Extracted entries: Begin

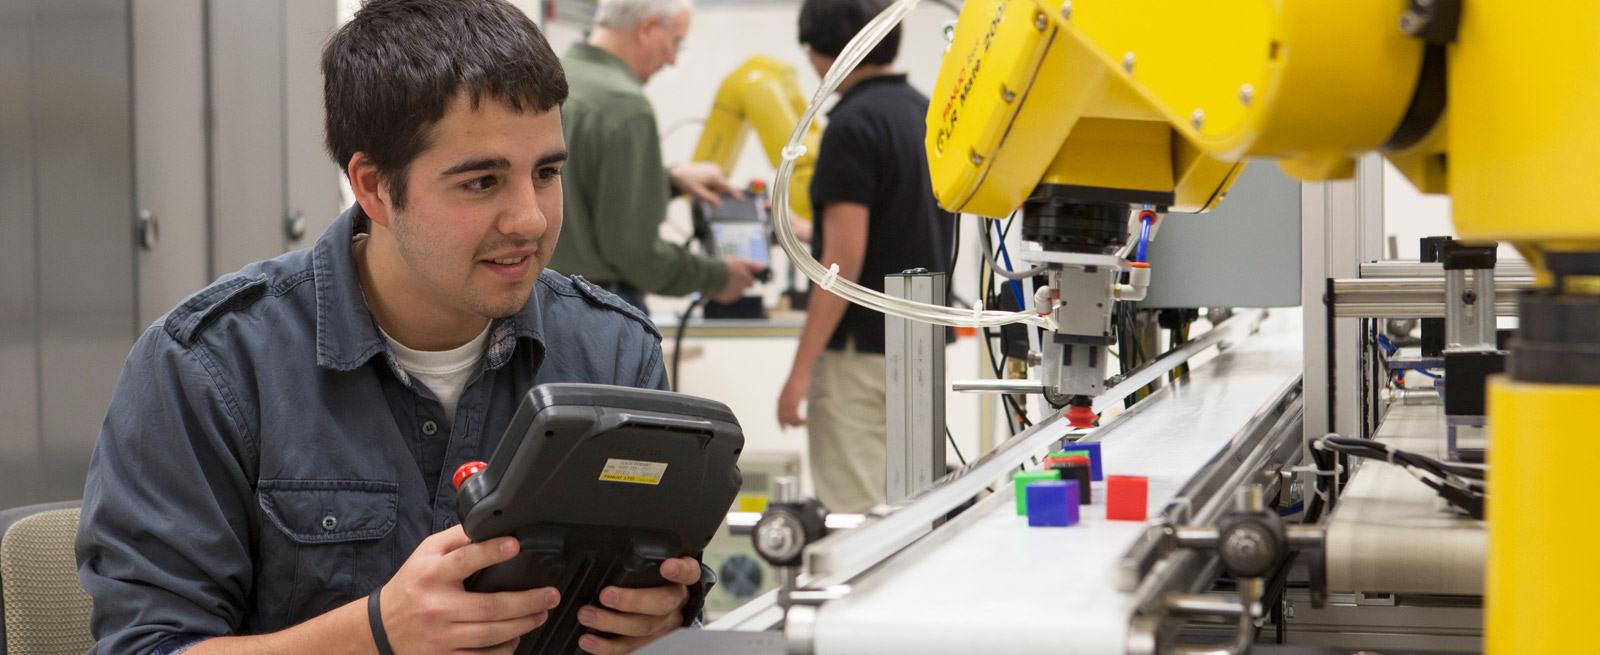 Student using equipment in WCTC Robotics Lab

Extracted entries: End
Extracted entries: Begin

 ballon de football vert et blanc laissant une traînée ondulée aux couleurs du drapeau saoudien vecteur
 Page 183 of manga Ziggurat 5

Extracted entries: End
Extracted entries: Begin

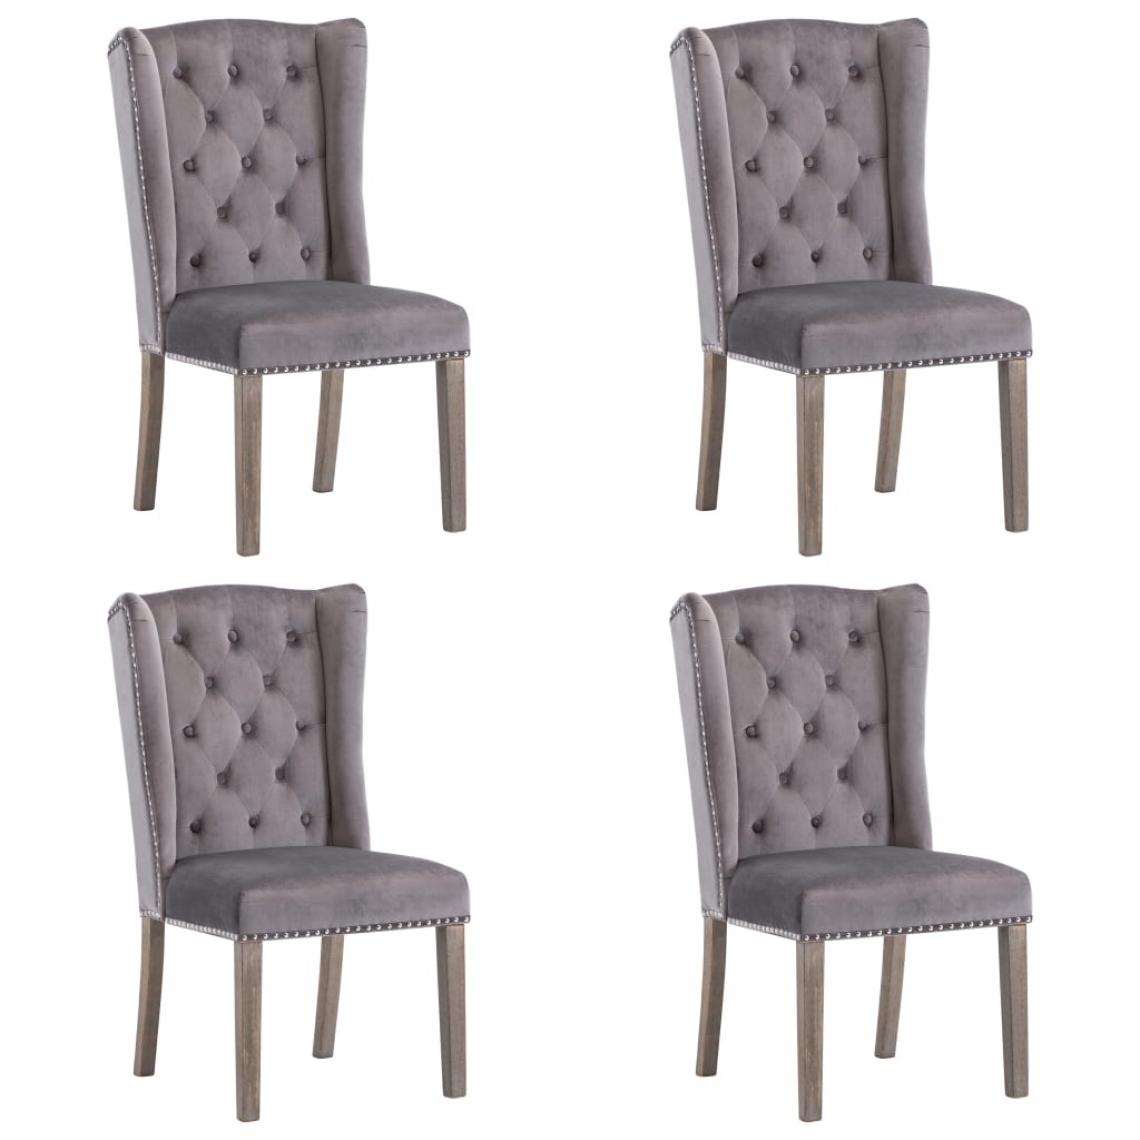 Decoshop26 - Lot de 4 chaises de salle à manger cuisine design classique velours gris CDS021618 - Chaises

Extracted entries: End

Using the data above, extract exactly the lines from the one that holds "ballon de football" to the one that holds "Page 183 of manga Ziggurat 5", both ends included, and no others.

 ballon de football vert et blanc laissant une traînée ondulée aux couleurs du drapeau saoudien vecteur
 Page 183 of manga Ziggurat 5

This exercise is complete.